Looking at the U.S. Supreme Court’s rationale for extending attorney-client privilege beyond the demise of a human client — and citing U.S. District Court decisions from Central and Northern Illinois — the Colorado Court of Appeals ruled that Kenneth Fellman and his law firm, the former general counsel for a dissolved corporation named EAGLE-Net Alliance, could not claim attorney-client privilege for their communications with the defunct business when they were sued for an allegedly negligent misrepresentation in an opinion letter that the plaintiff relied on in contracting with EAGLE-Net. Affiniti Colorado v. Kissinger & Fellman, 2019 COA 147 (Sept. 12, 2019).
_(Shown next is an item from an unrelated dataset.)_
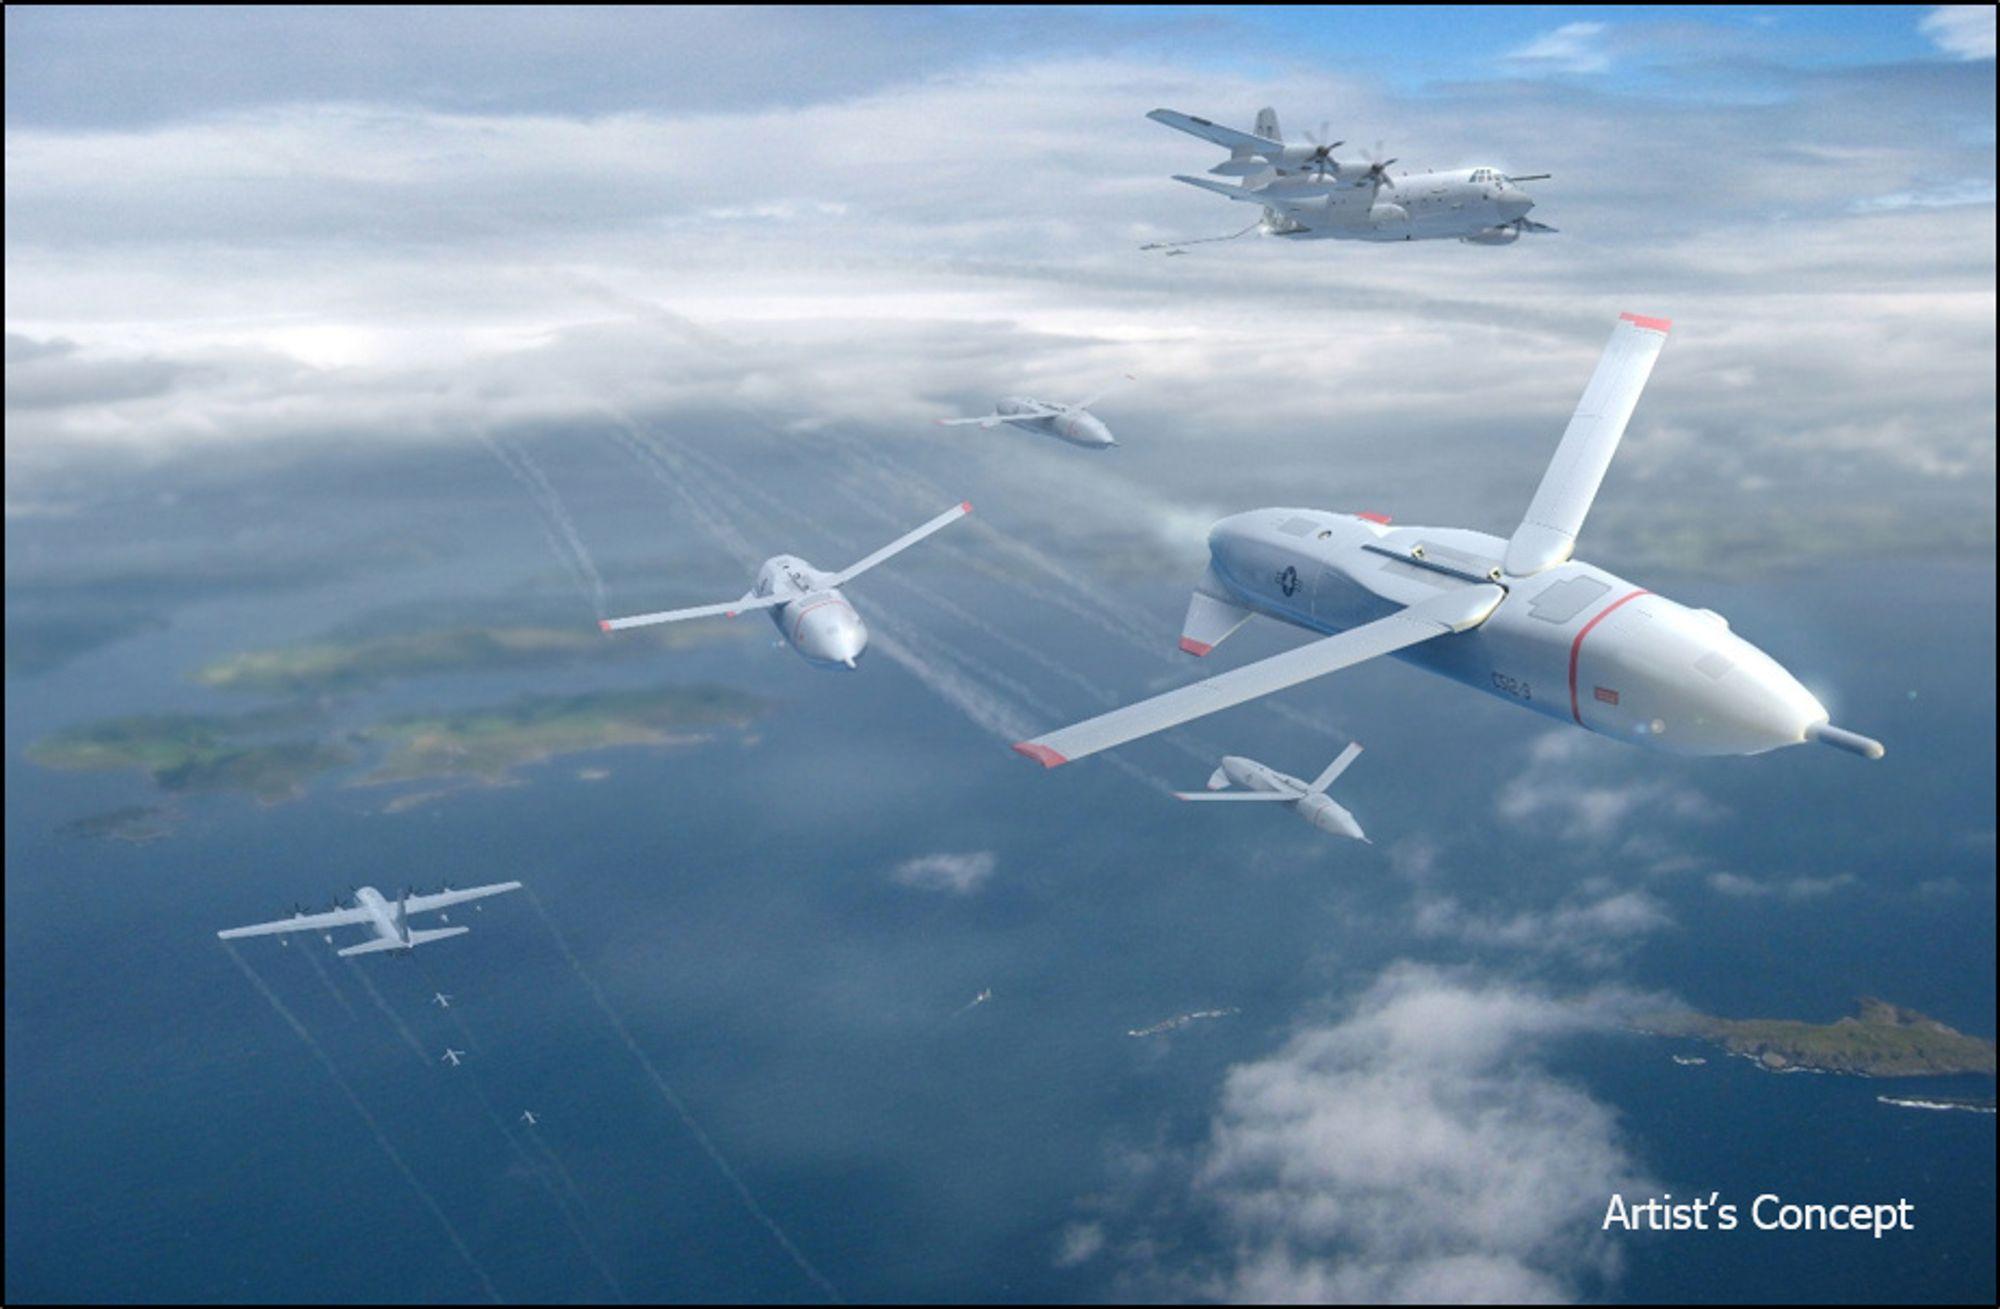 Darpas nye Gremlins-program tar sikte på å utvikle teknologi slik at militærfly kan sende ut droner og fange dem inn igjen etter utført oppdrag.
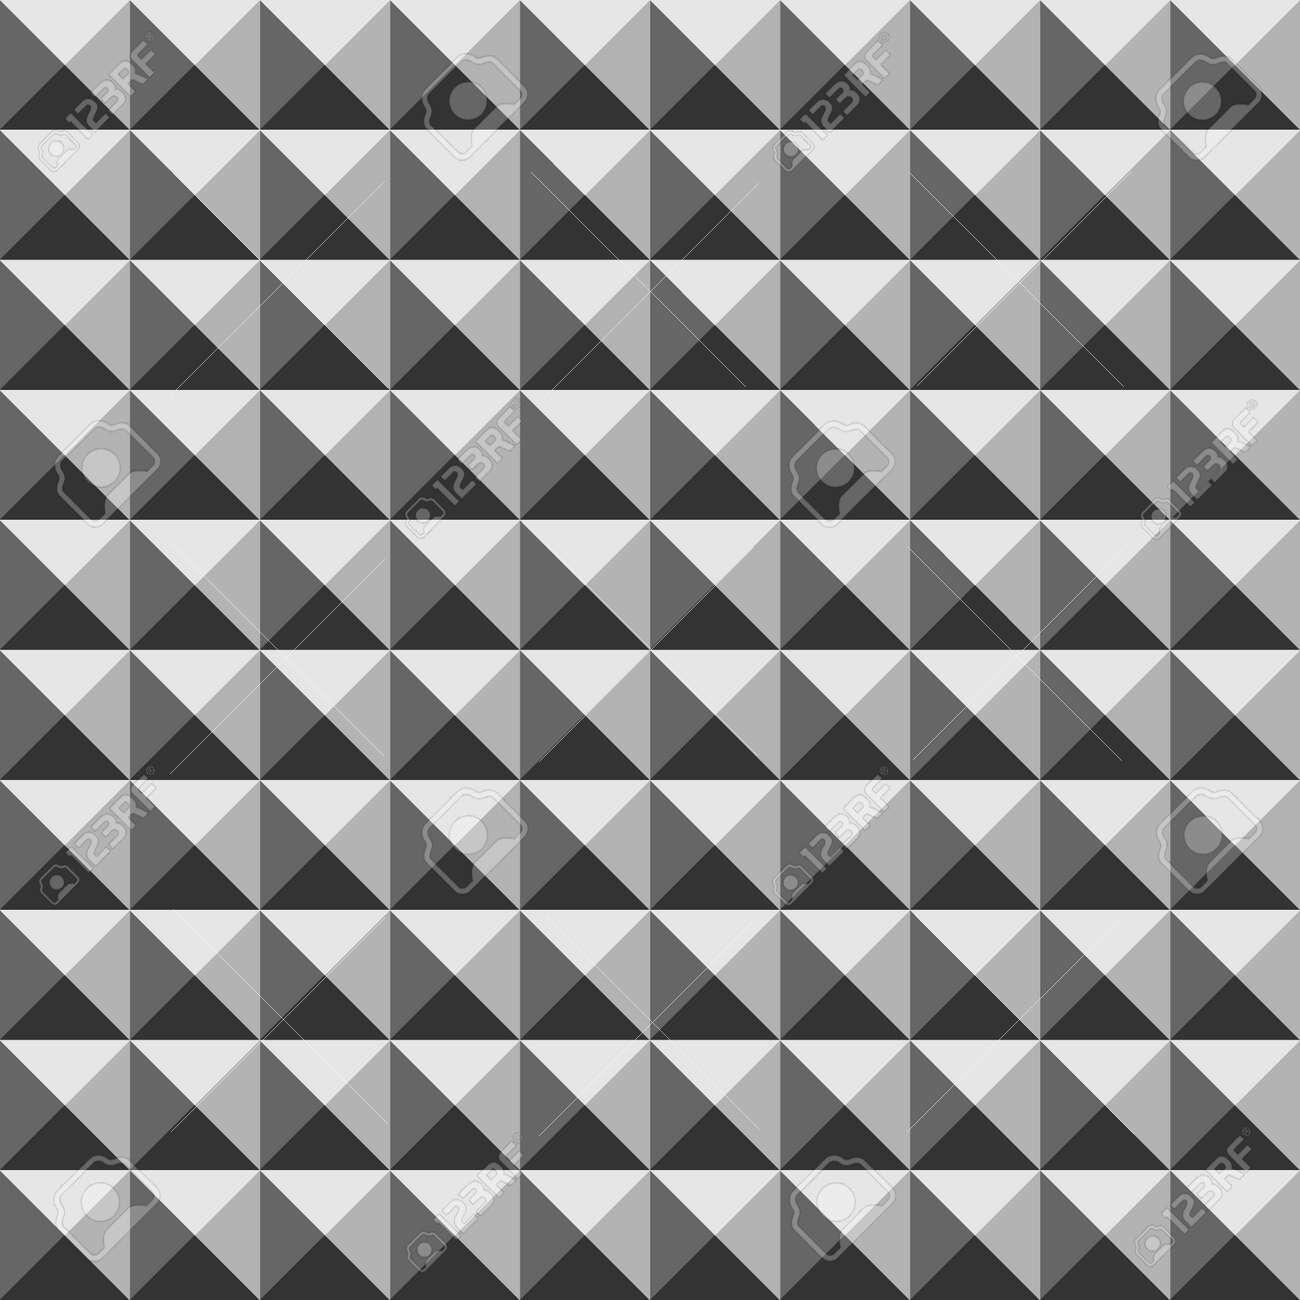 550eb0aa954 Pirámide Sin Fisuras Patrón Geométrico 3D. La Moda De Diseño Gráfico De  Fondo. Textura Con Estilo Moderno. Plantilla Blanco Y Negro.

Here are highlights of Judge Rebecca R. Freyre’s opinion (with light editing and omissions not noted):
Fellman urges us to follow the well-settled general rule that the privilege survives the death of a natural person, but acknowledges that whether the privilege survives the dissolution of a corporation is less settled. See In re Grand Jury Subpoena, 274 F. App’x 306 (4th Cir. 2008) (whether “the corporate attorney-client privilege survives the dissolution of the corporate entity” is an “unsettled legal question”). Thus, we begin with the well-settled jurisprudence.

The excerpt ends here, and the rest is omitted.